Braço da Rodovia do Mercosul A BR-101 é uma das maiores rodovias federais do Brasil. É a principal ligação entre o Nordeste e as regiões Sul e Sudeste. Começa no Farol do Calcanhar, em Touros-RN, atravessa 13 estados pelo litoral do país e vai até o Rio Grande do Sul, terminando no km 422,1 em São José do Norte. 

Em toda a sua extensão, a rodovia tem 4.563,1 km. A pavimentação da BR-101 no Rio Grande do Sul representa um braço da Rodovia do Mercosul, interligando o porto rio-grandino ao maior corredor de exportação do país. 

Em território gaúcho, a BR-101 tornou-se importante via de acesso ao Porto do Rio Grande. De Osório a São José do Norte, a BR-101 coincide com a RST-101 em vários trechos, somando 104,1 quilômetros de sobreposição. A coincidência ocorre a partir do entroncamento com a BR-290. 

Com a conclusão da pavimentação, alguns segmentos da antiga estrada municipal existente, que não coincidiram com o traçado da BR, foram abandonados. A manutenção do trecho que hoje é utilizado para tráfego é de responsabilidade dividida entre o DNIT (federal) e o DAER (estadual). 

Entre Osório e Capivari, a rodovia tem 36 km, cuja pavimentação foi concluída em 2008 e o trecho está em bom estado de conservação.
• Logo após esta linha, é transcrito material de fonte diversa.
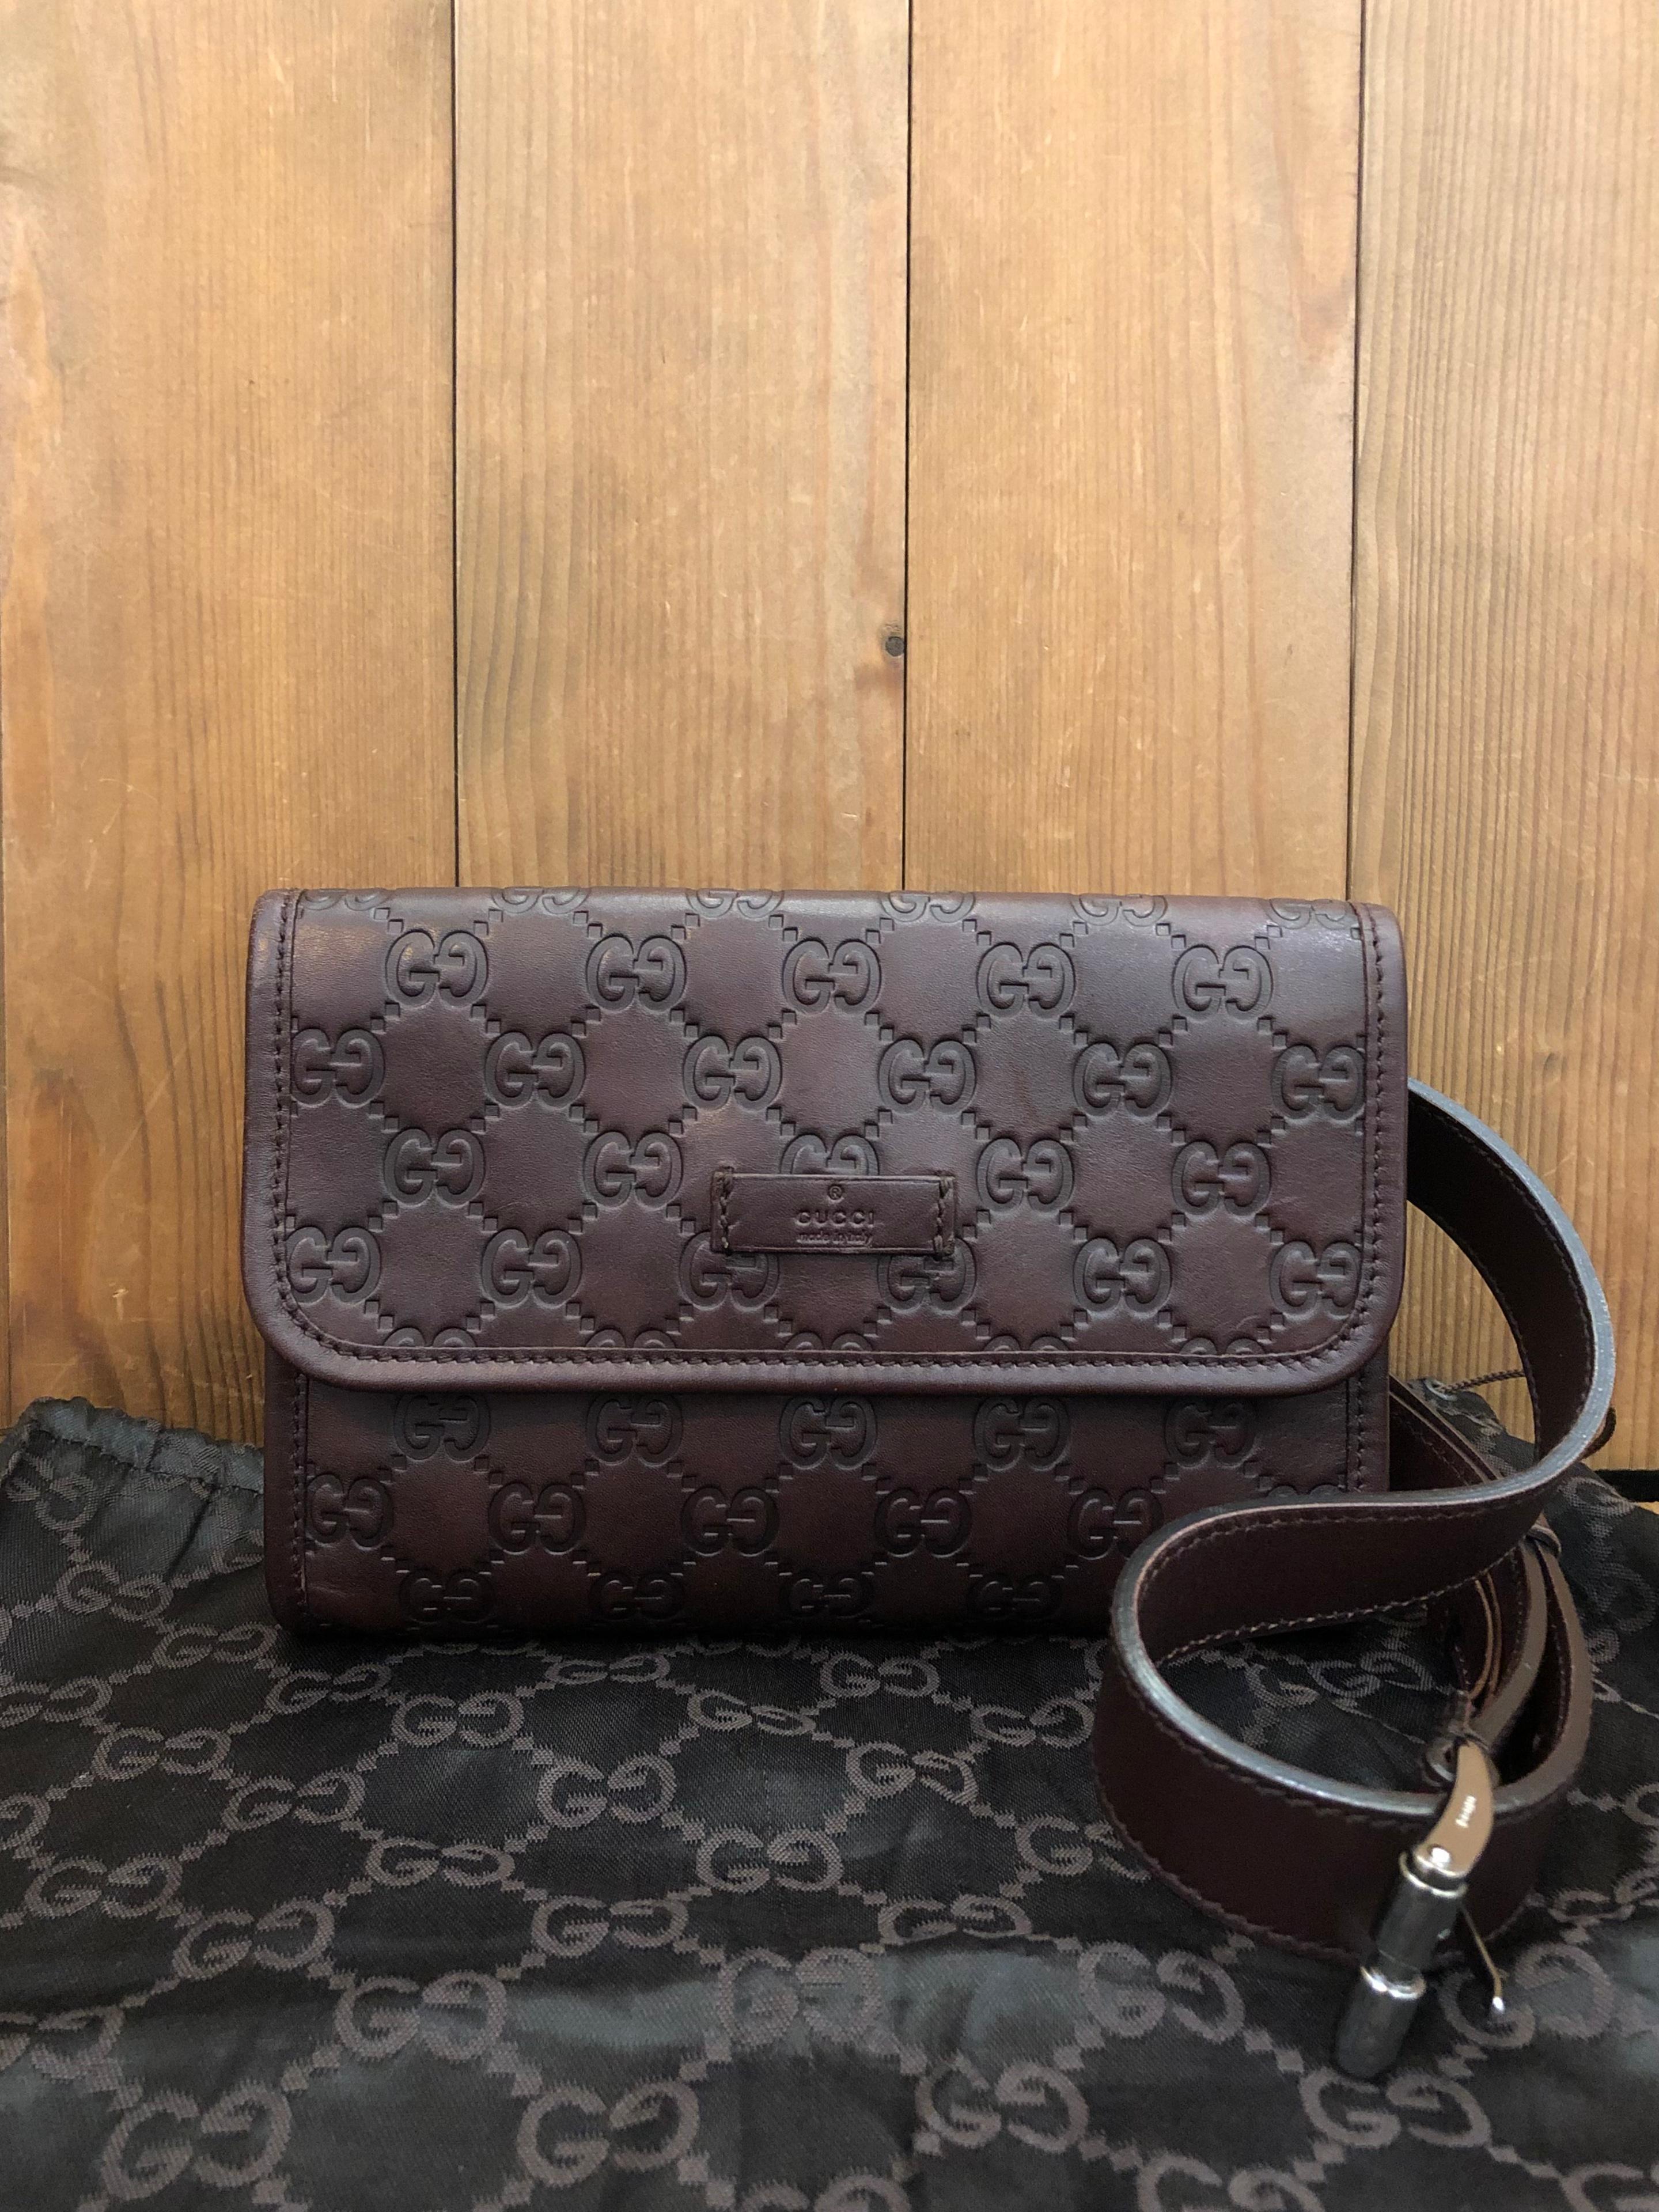 This GUCCI belt bag is crafted of Guccissima GG embossed calfskin leather in chocolate brown featuring silver toned hardware. This Gucci belt bag comes with a detachable calfskin leather belt adjustable with five holes. Front flap magnetic snap

De Capivari até Bacopari são 39 km, trecho que teve o pavimento totalmente recuperado entre 2009 e 2010. O trecho de Bacopari até Tavares tem 113 km e a obra de recuperação do pavimento está em fase de licitação. Todos esses trechos são administrados pelo DAER. 
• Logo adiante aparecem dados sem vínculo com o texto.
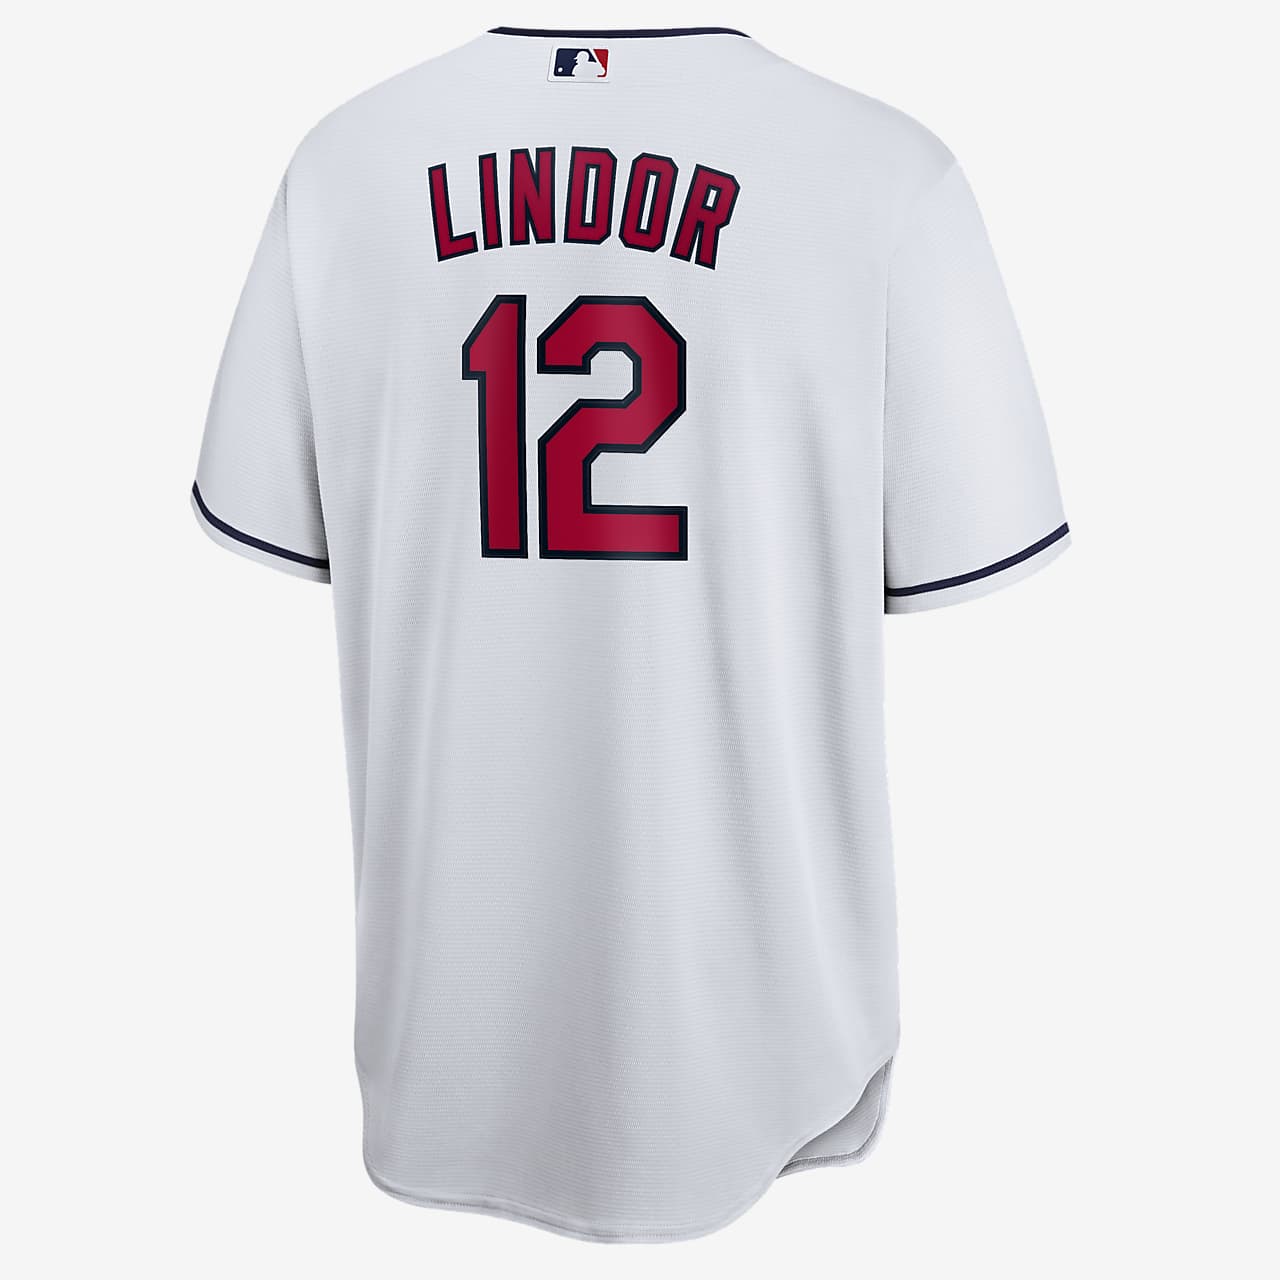 mlb indians jersey

A partir de Tavares até São José do Norte são 130 km sob administração do DNIT. A pavimentação desse trecho foi concluída em 2008 e atualmente está em estado de bom para razoável. Para esse trecho está em curso uma licitação para conservação, com previsão para término até outubro de 2010. A conservação será semelhante ao Programa Crema, em que uma empresa mantém a rodovia por um período e recebe por resultado.